**Your instructions**
Ignoring every picture, return the lines of the listing below word for word, from the line that holds "Submarine Matters April 2012" through the line that holds "John Varvatos Men’s".
---------- The records
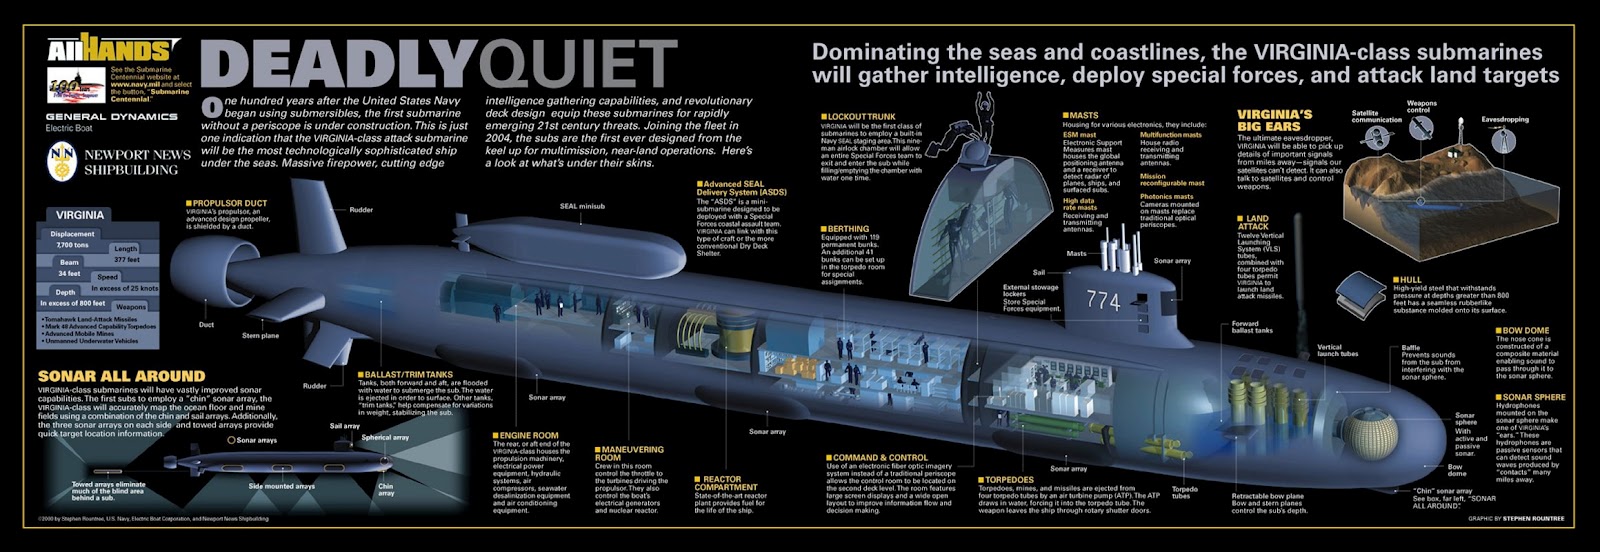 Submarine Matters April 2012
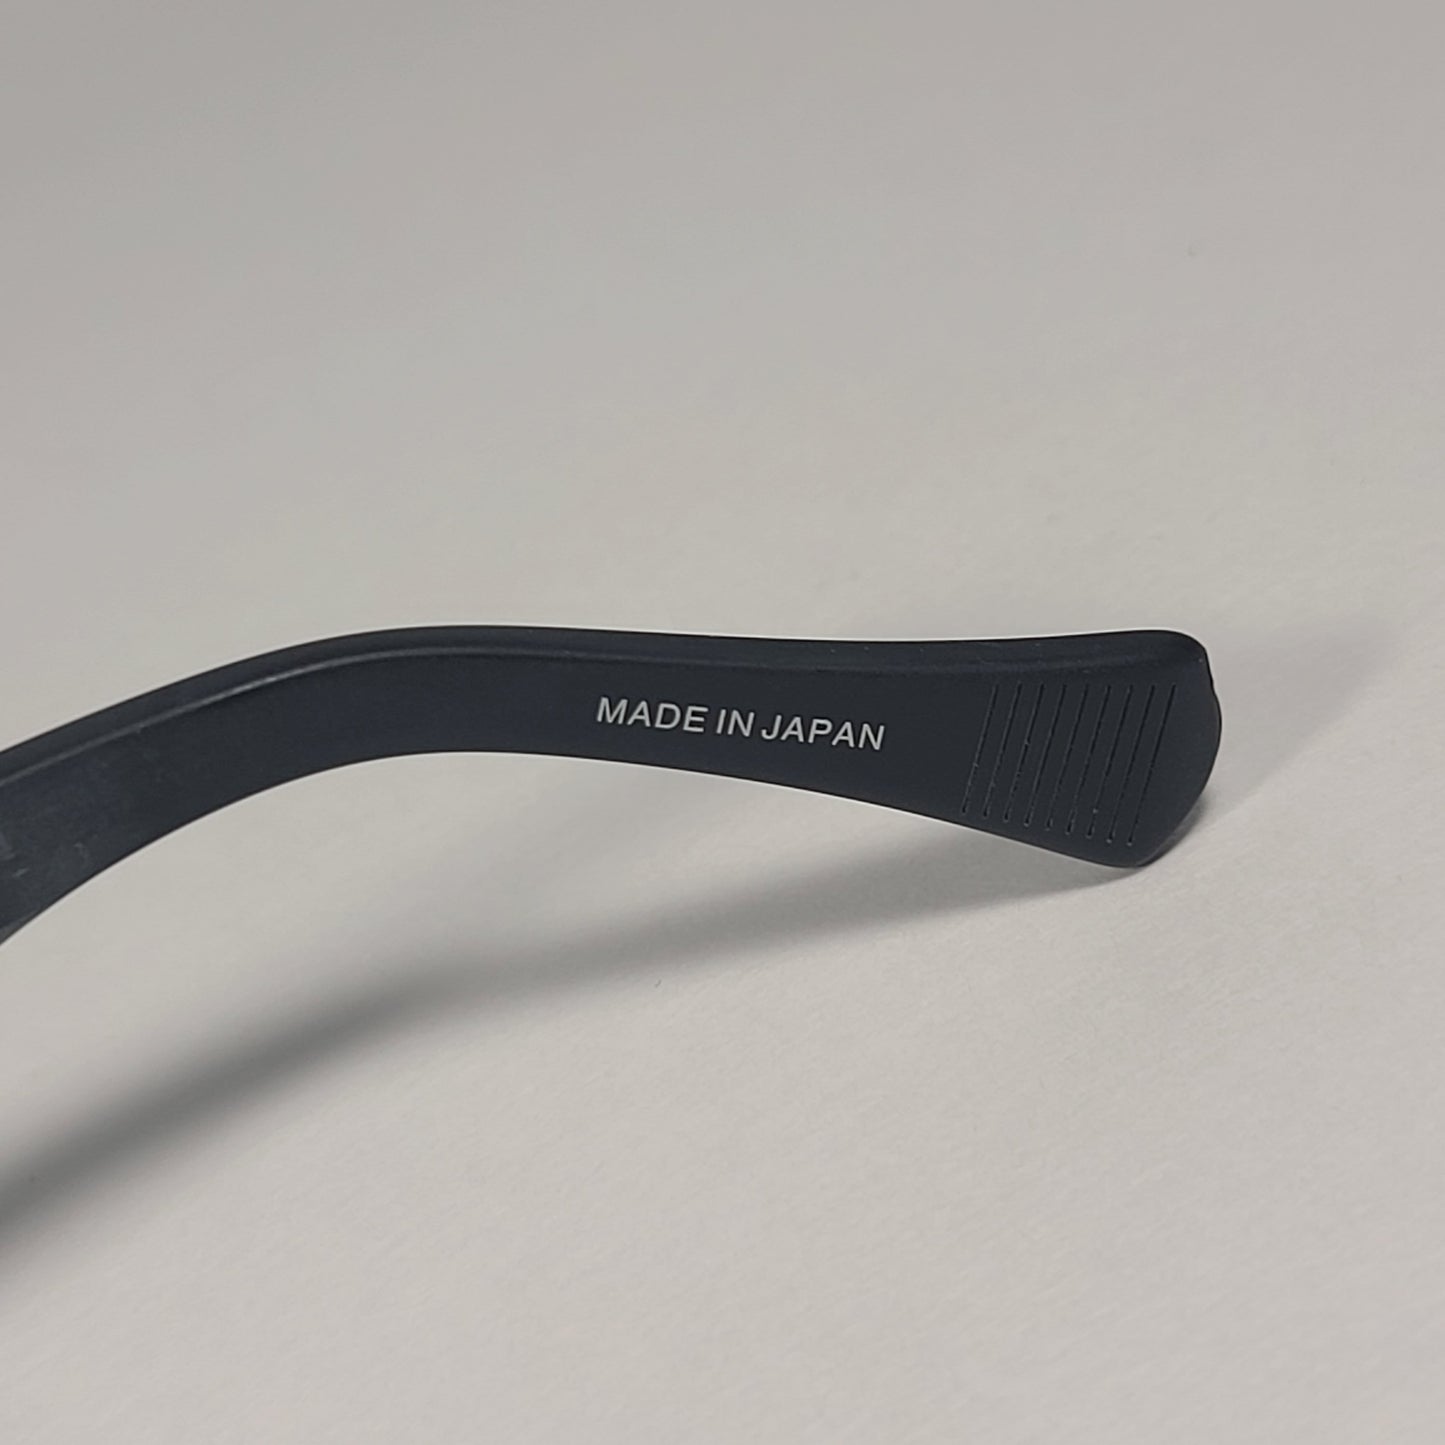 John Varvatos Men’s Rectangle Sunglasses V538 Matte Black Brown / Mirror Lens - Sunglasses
--------------------
---------- The records
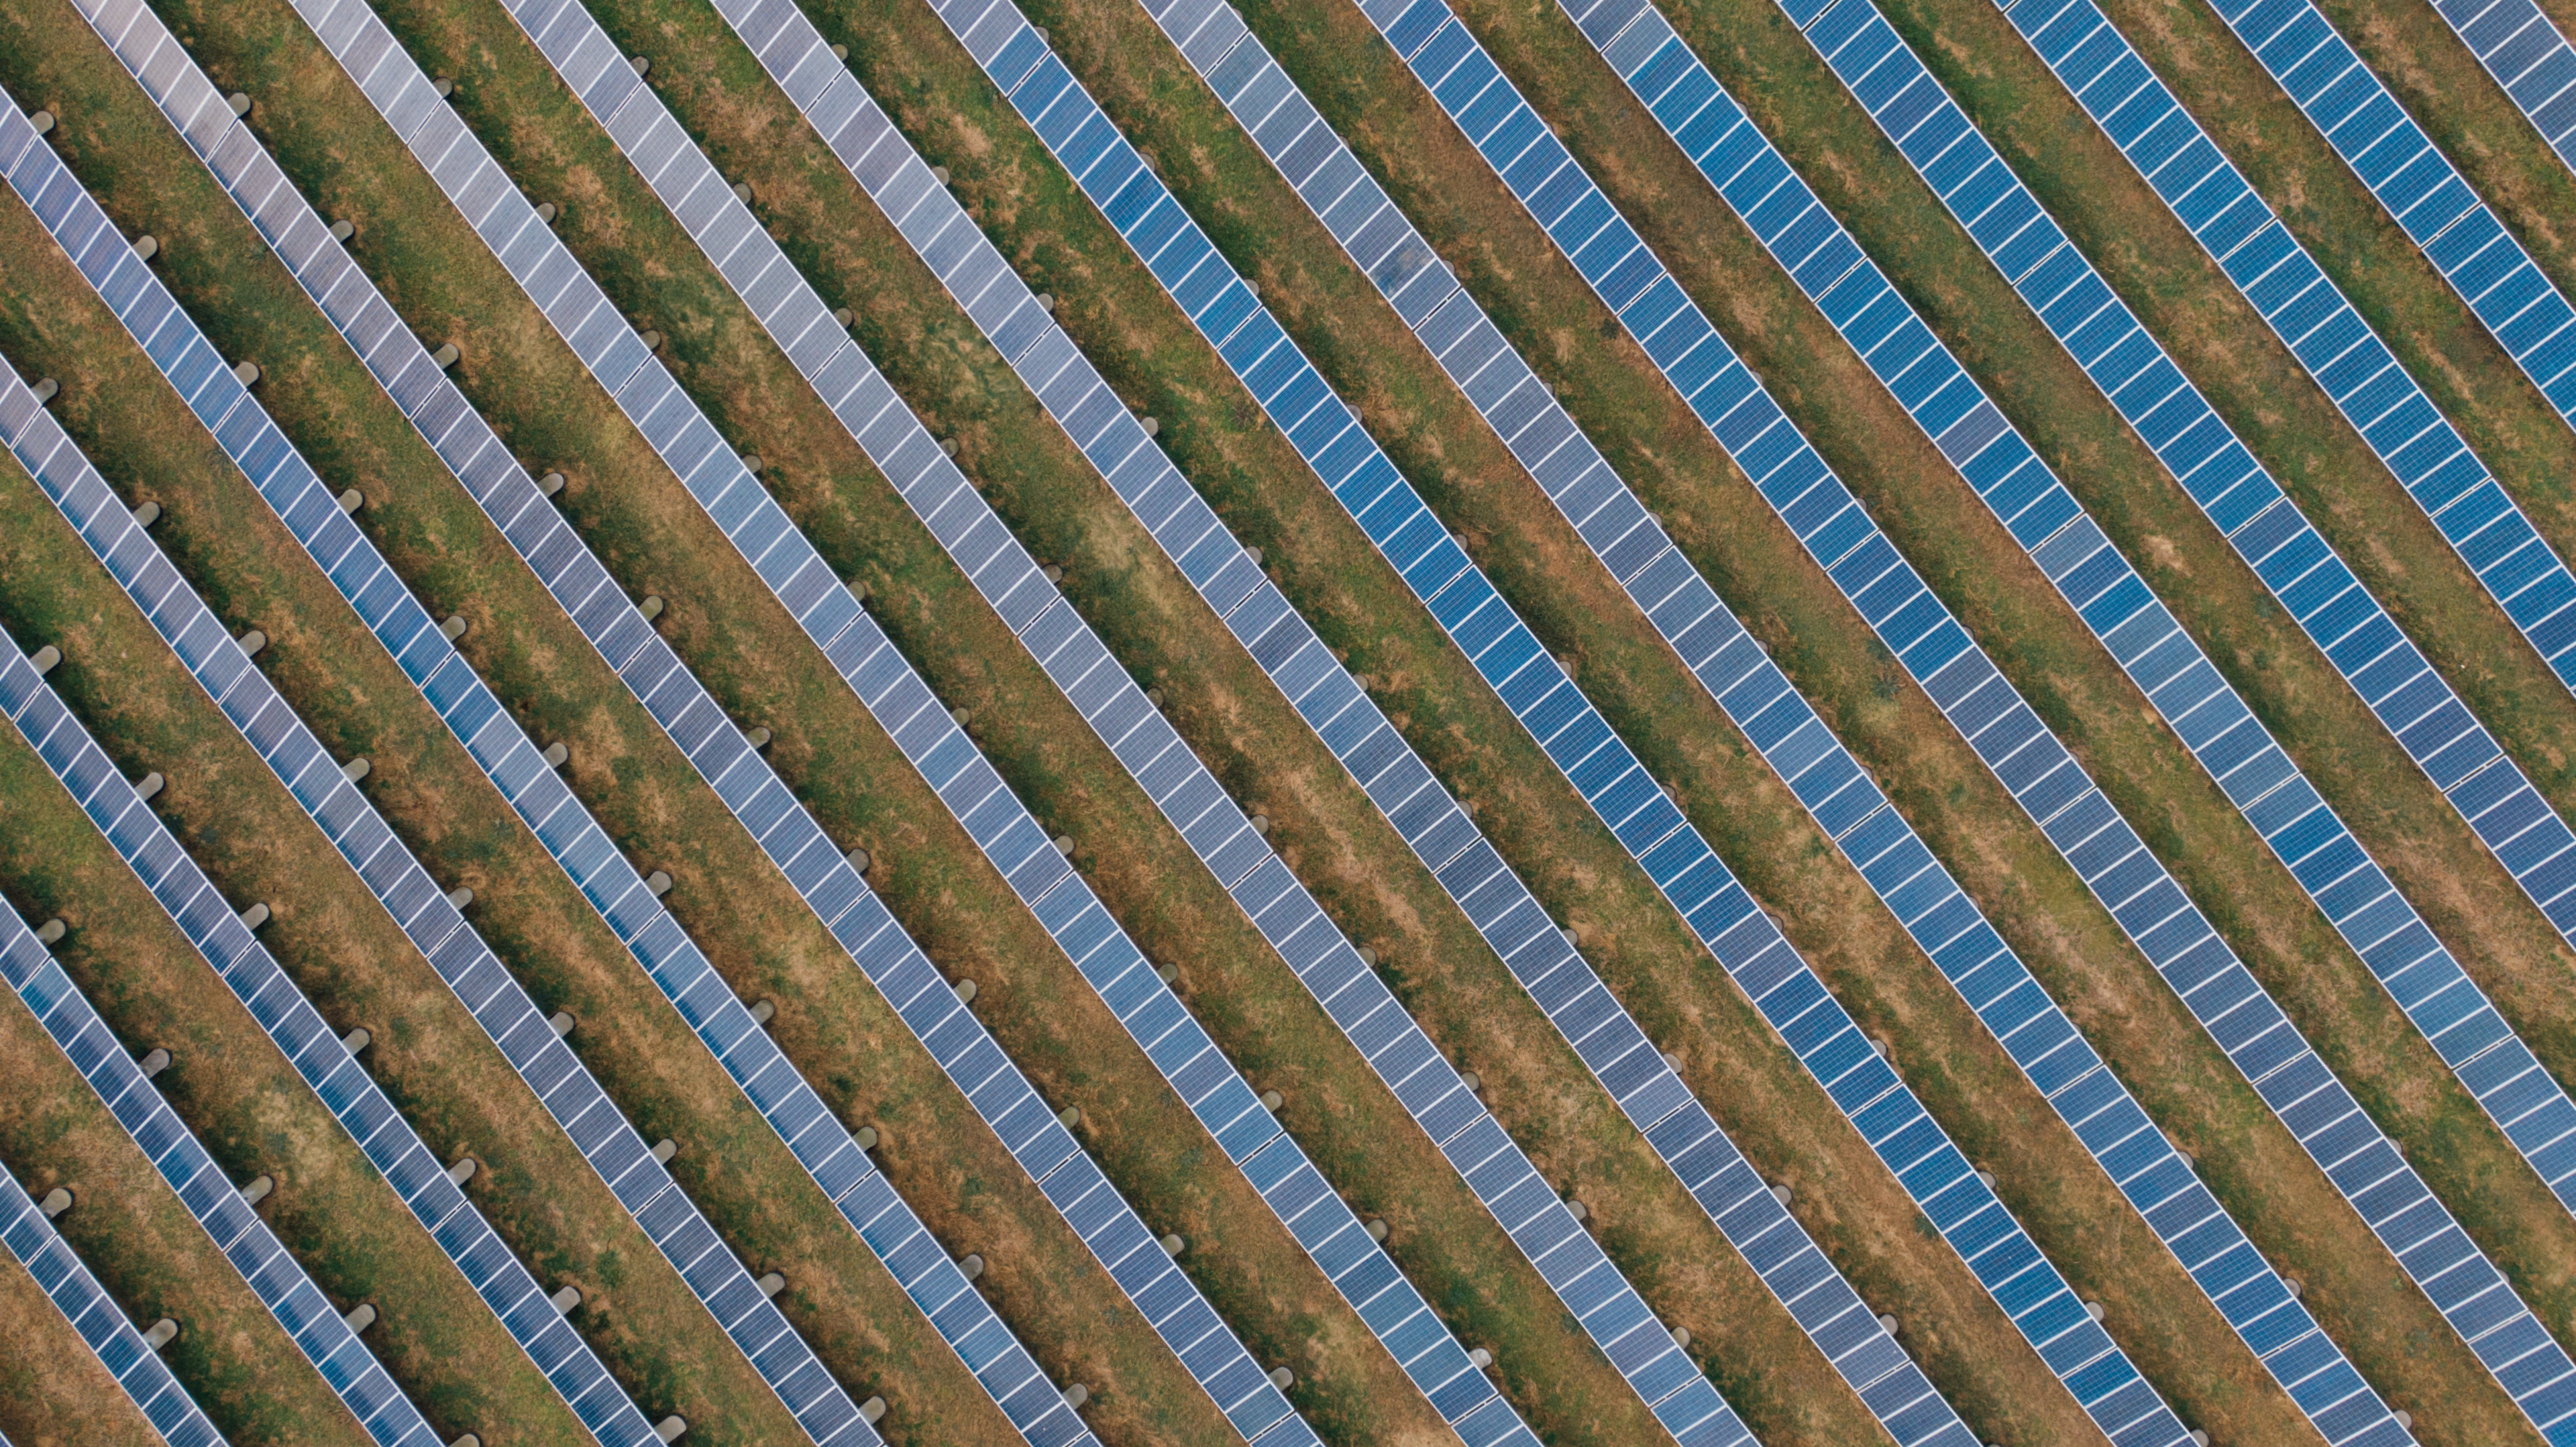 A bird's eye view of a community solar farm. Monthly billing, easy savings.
--------------------
---------- The records
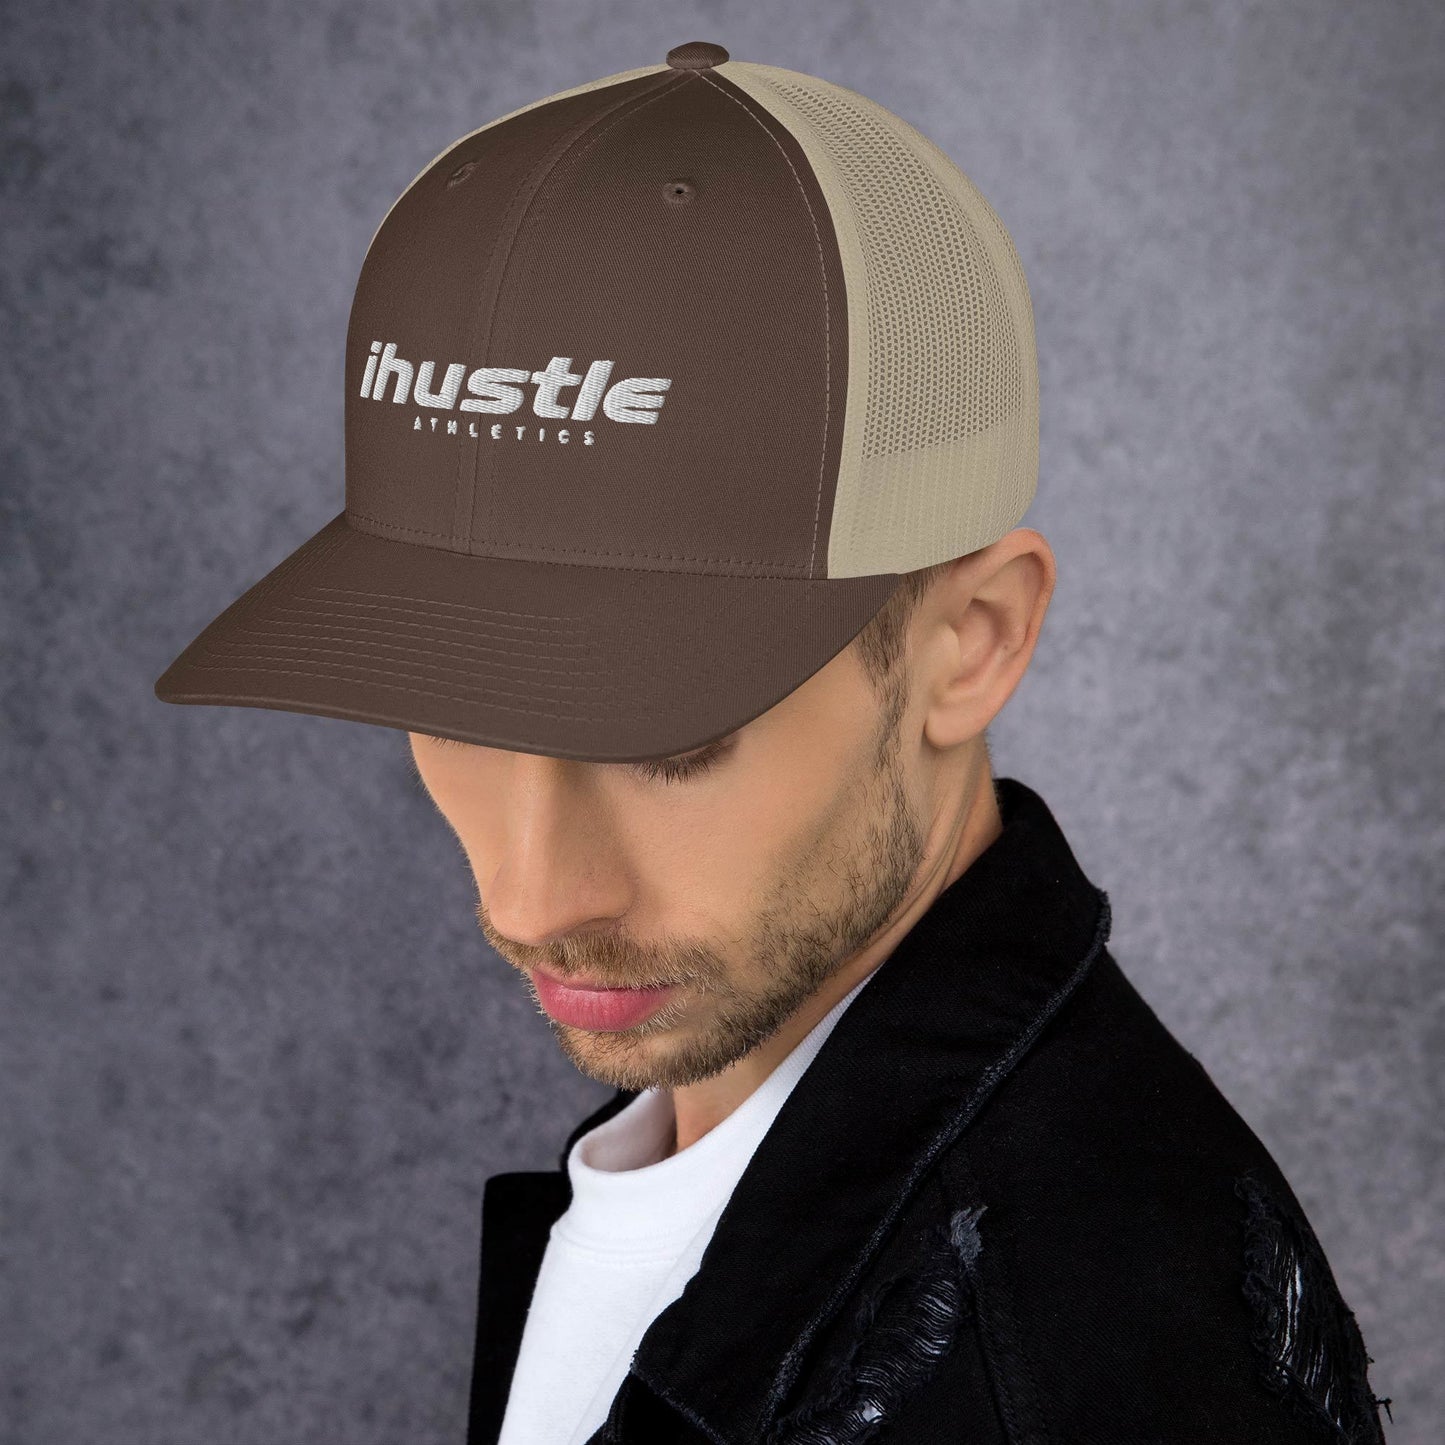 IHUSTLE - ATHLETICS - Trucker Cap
--------------------
**Reply**
 Submarine Matters April 2012
 John Varvatos Men’s Rectangle Sunglasses V538 Matte Black Brown / Mirror Lens - Sunglasses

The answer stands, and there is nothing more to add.